Anthropic requires a token cap on every request. When you don’t set maxTokens (per-model or per-call), the adapter falls back to a generous default of 4096 so a caller who never thought about caps still gets a complete answer instead of a 400.

  • Tool calling — vendor-neutral ToolConfigs map to Claude tool_use blocks; tool results round-trip back as user turns.
  • Streamingstream() yields text deltas, a tool-call once a tool_use block’s arguments have fully accumulated, and a terminal done carrying the final finish reason and usage.
  • Structured output — on by default. A root-object JSON Schema is forwarded to Claude’s native output_config.format (JSON-schema structured outputs). Non-object schemas or a structuredOutput: false override fall back to the agent’s soft system-prompt hint plus client-side validation.
  • Vision — auto-detected from the model name. Every Claude 3, 3.5/3.7, and 4 family model is treated as multimodal (prefixes claude-3, claude-4, claude-opus-4, claude-sonnet-4, claude-haiku-4); pre-3 families (claude-2, claude-instant) are text-only. Override either way with the vision flag.
  • No embedder. Anthropic ships no first-party embeddings API, so this adapter has no embedder(). Pair Claude with an embedding provider — OpenAI, Google, Bedrock, or Ollama — when you need vectors.

Image attachments accept both a remote url and inlined base64 bytes (image/jpeg, image/png, image/gif, image/webp).

Pass image parts on a user message — the agent resolves attachments before they reach the adapter, which forwards them as Claude image blocks.

const model = anthropic.model({ name: "claude-sonnet-4-6" });
const response = await model.complete([
{
role: "user",
content: [
{ type: "text", text: "What's in this photo?" },
{ type: "image", source: { url: "https://example.com/cat.jpg" } },
],
},
]);

Every response reports token usage (input, output, total). Claude bills input and output separately with no pre-summed total, so the adapter computes total itself; prompt-cache reads surface as cachedTokens when present.
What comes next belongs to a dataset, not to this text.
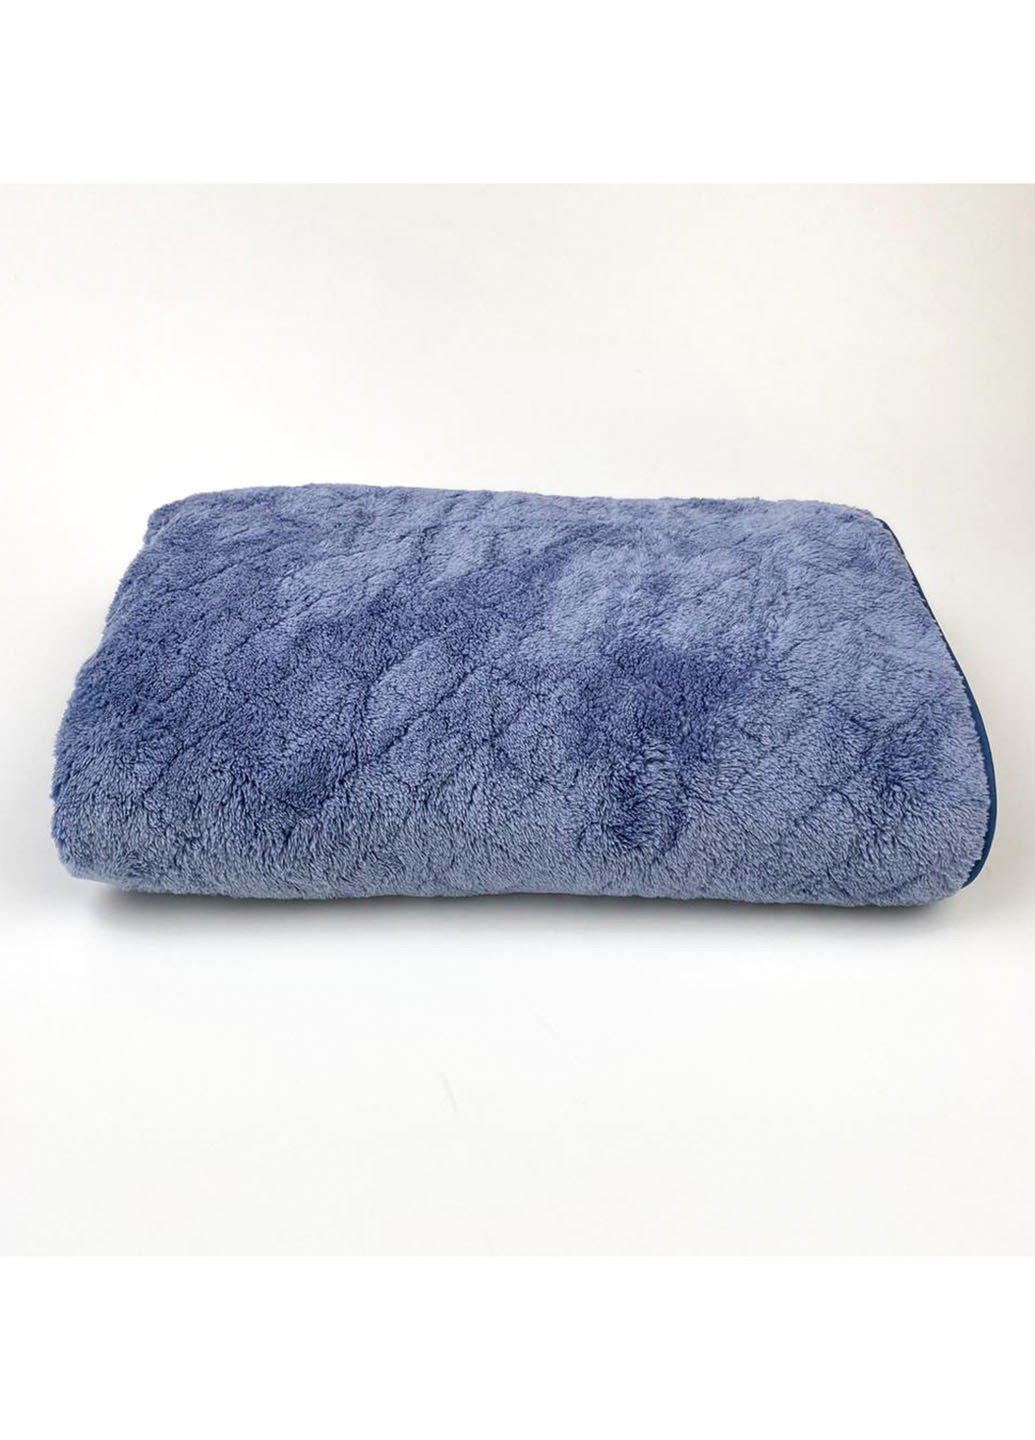 Homedec полотенце банное микрофибра 140х70 см однотонный синий производство - Турция

To turn tokens into money, attach a pricing registry — keyed by model name, in USD per million tokens. It can live on the SDK (one source of truth) or per-model (wins when both are set). With pricing set, the framework rolls cost up through every node of the AgentReport.

const anthropic = new AnthropicSDK({
apiKey: process.env.ANTHROPIC_API_KEY!,
pricing: {
"claude-haiku-4-5": { input: 1, output: 5, cachedInput: 0.1 },
"claude-sonnet-4-6": { input: 3, output: 15, cachedInput: 0.3 },
},
});

Need an offline token estimate before a call? anthropic.count(text) returns a fast character-heuristic approximation — good for budgeting and quota guards, not for billing.

For the agent/workflow surface these models plug into, see @warlock.js/ai. For provider-specific notes and the latest model ids, see the setup-anthropic skill.